Principal and interest payable in respect of the indebtedness evidenced
by this Note shall be due and payable at the times and in the manner specified
in the Credit Agreement.
Holder hereby is authorized to record and endorse the date and
principal amount of each Loan made by it, and the amount of each payment of
principal and interest made to such Holder with respect to such Loans, on a
schedule annexed to and constituting a part of this Note, which recordation and
endorsement shall constitute prima facie evidence of the respective Loans made
by Holder to Maker and payments made by Maker to Holder, absent manifest error;
provided, however, that (a) Holder's failure to make any such recordation or
endorsement shall not in any way limit or otherwise affect the obligations of
Maker or the rights and remedies of Holder under this Note or the Credit
Agreement and (b) payments to Holder of the principal of and interest on the
Loans evidenced hereby shall not be affected by the failure to make any such
recordation or endorsement thereof. In lieu of making recordation or
endorsement, Holder hereby is authorized, at its option, to record the date and
principal amount of each Loan made by it, and the amount of each payment of
principal and interest made to such Holder with respect to such Loans, on its
books and records in accordance with its usual and customary practice, which
recordation shall constitute prima facie evidence of the Loans made by Holder to
Maker and payments in respect thereof made by Maker to Holder, absent manifest
error.
Upon the occurrence of an Event of Default, the entire outstanding
principal balance of the indebtedness evidenced hereby, together with all
accrued and unpaid interest thereon, may be declared, and immediately shall
become, due and payable in full, all as provided in the Credit Agreement,
subject to applicable notice and cure provisions in the said Credit Agreement.

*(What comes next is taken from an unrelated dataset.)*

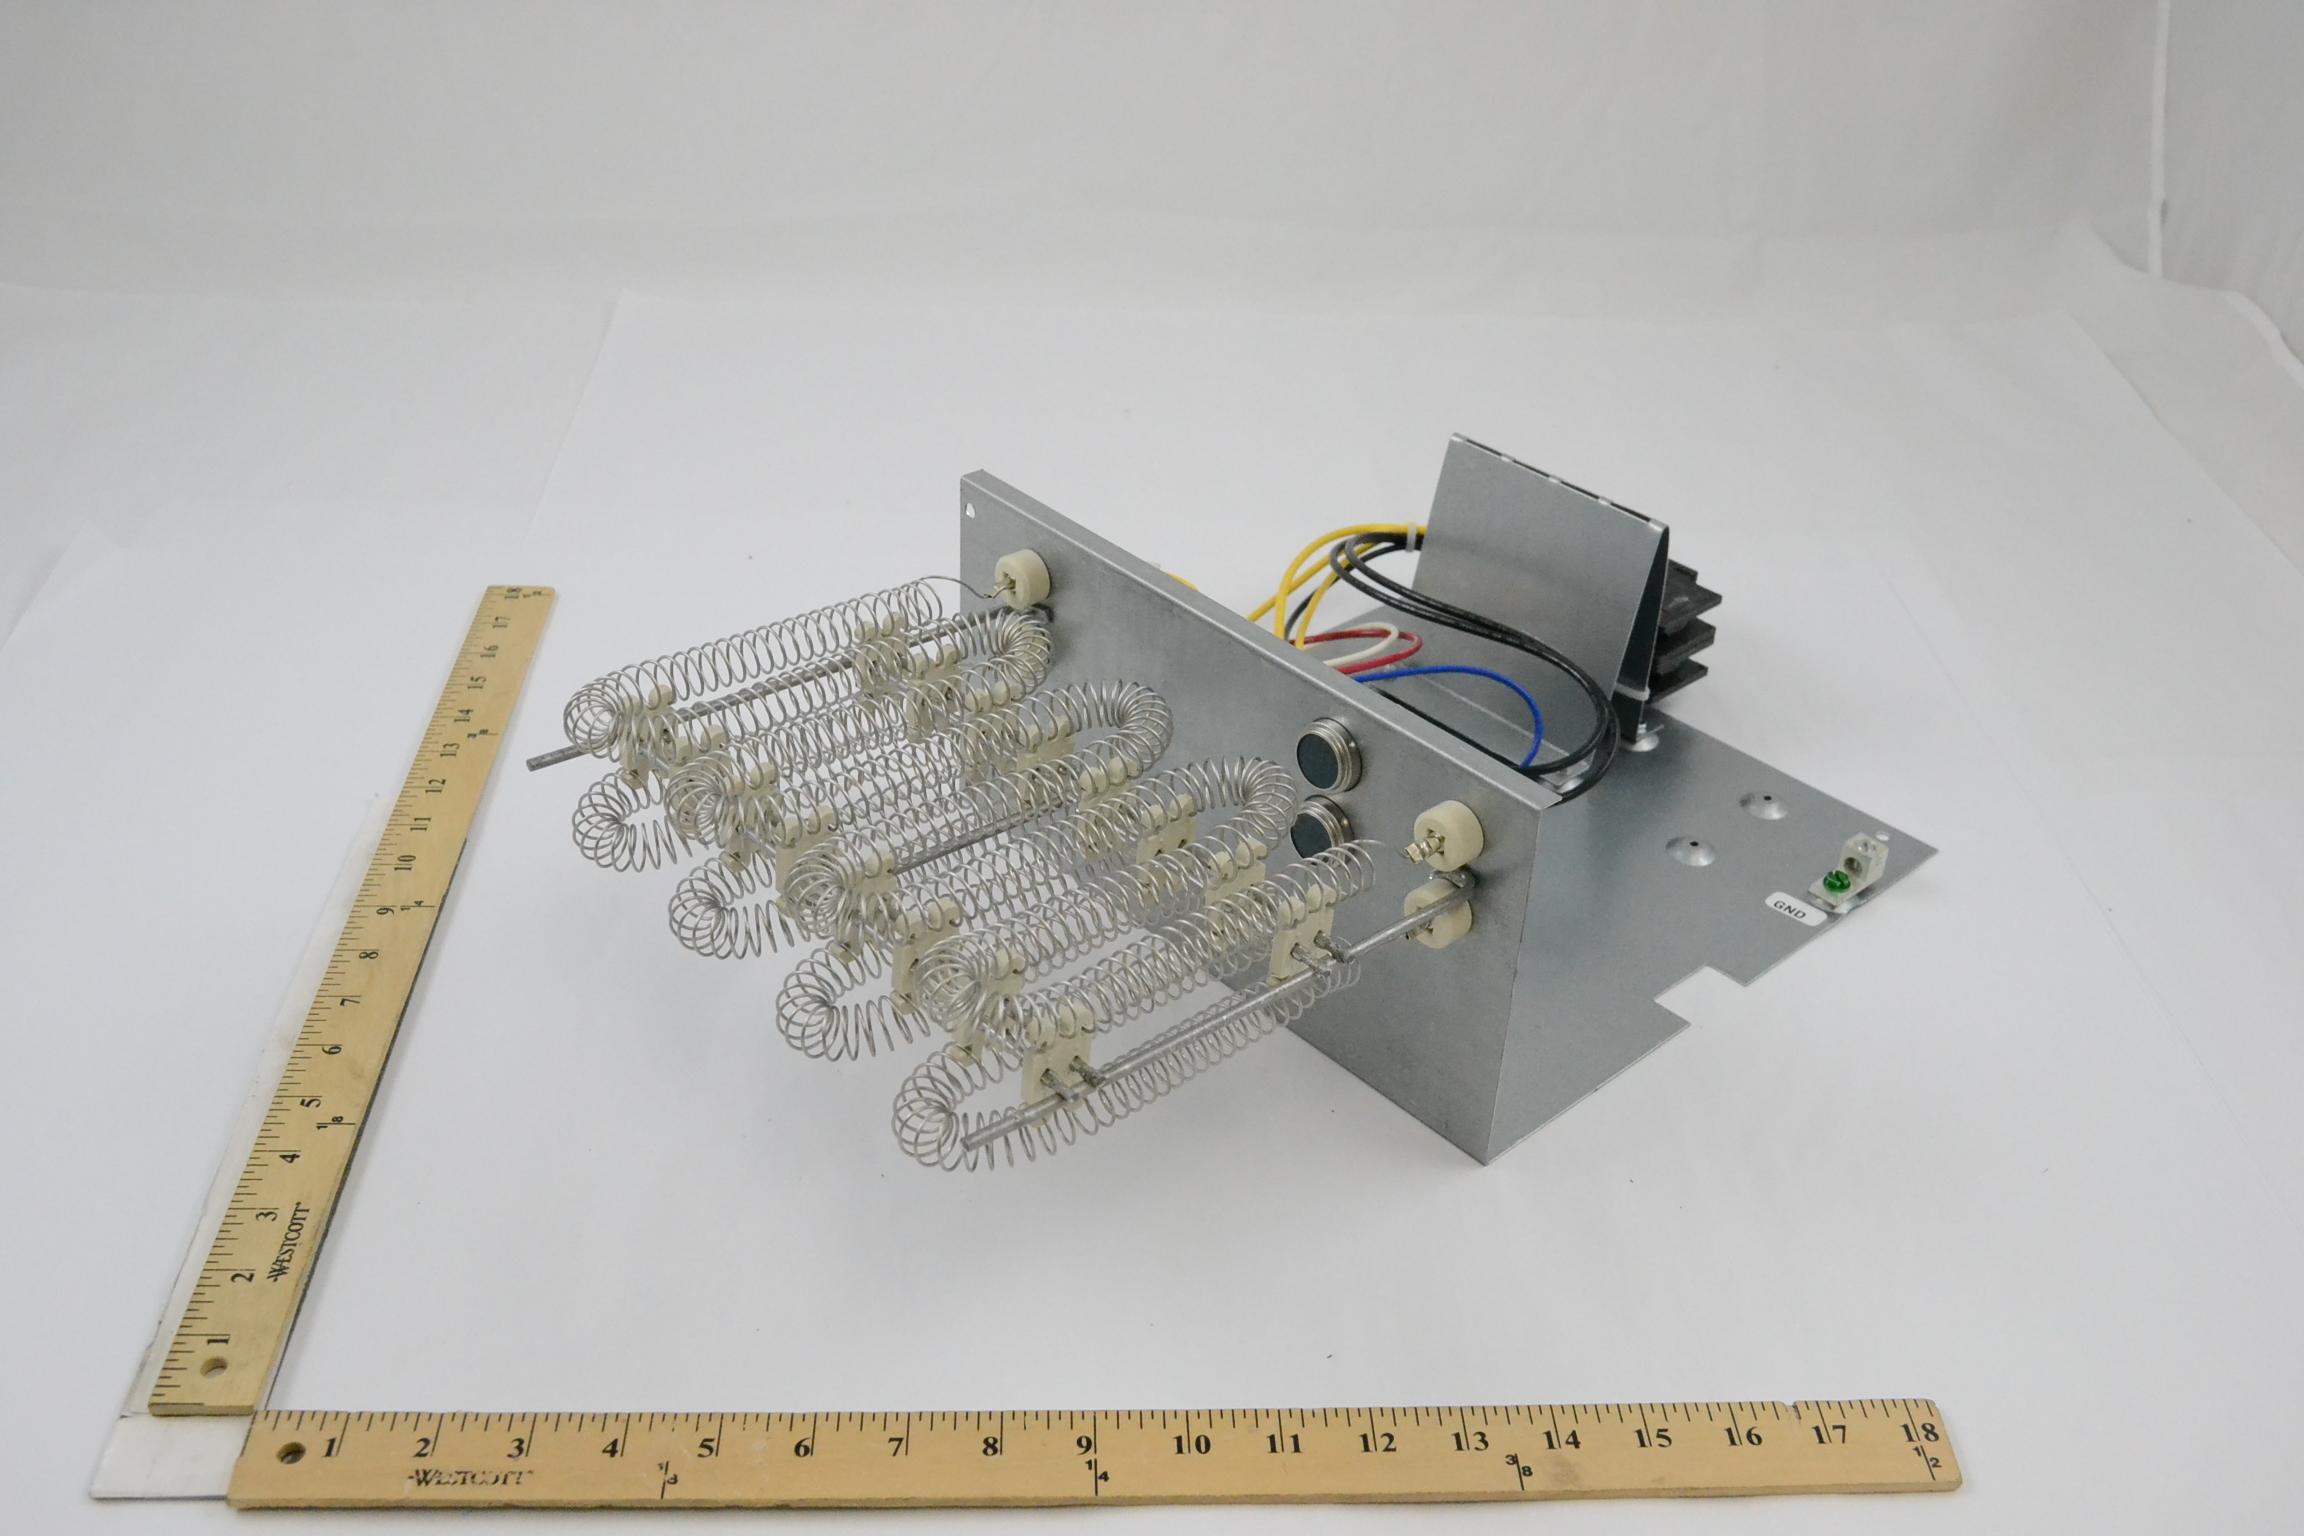 Armstrong Ac Heat Strip Wiring Diagrams Nordyne Pump Diagram With 15 Kw Furnace Aehbcc07csa 1 Kit 7 5kw Goodman

Presentment for payment, demand, protest and notice of demand, protest
and nonpayment are hereby waived by Maker and all other parties hereto, except
as provided in the Credit Agreement.
This Note is one of the "Notes" in the aggregate principal amount of
$120,000,000 issued by Maker pursuant to the Credit Agreement, and this Note is
entitled to the benefits of the Credit Agreement and the other Loan Documents.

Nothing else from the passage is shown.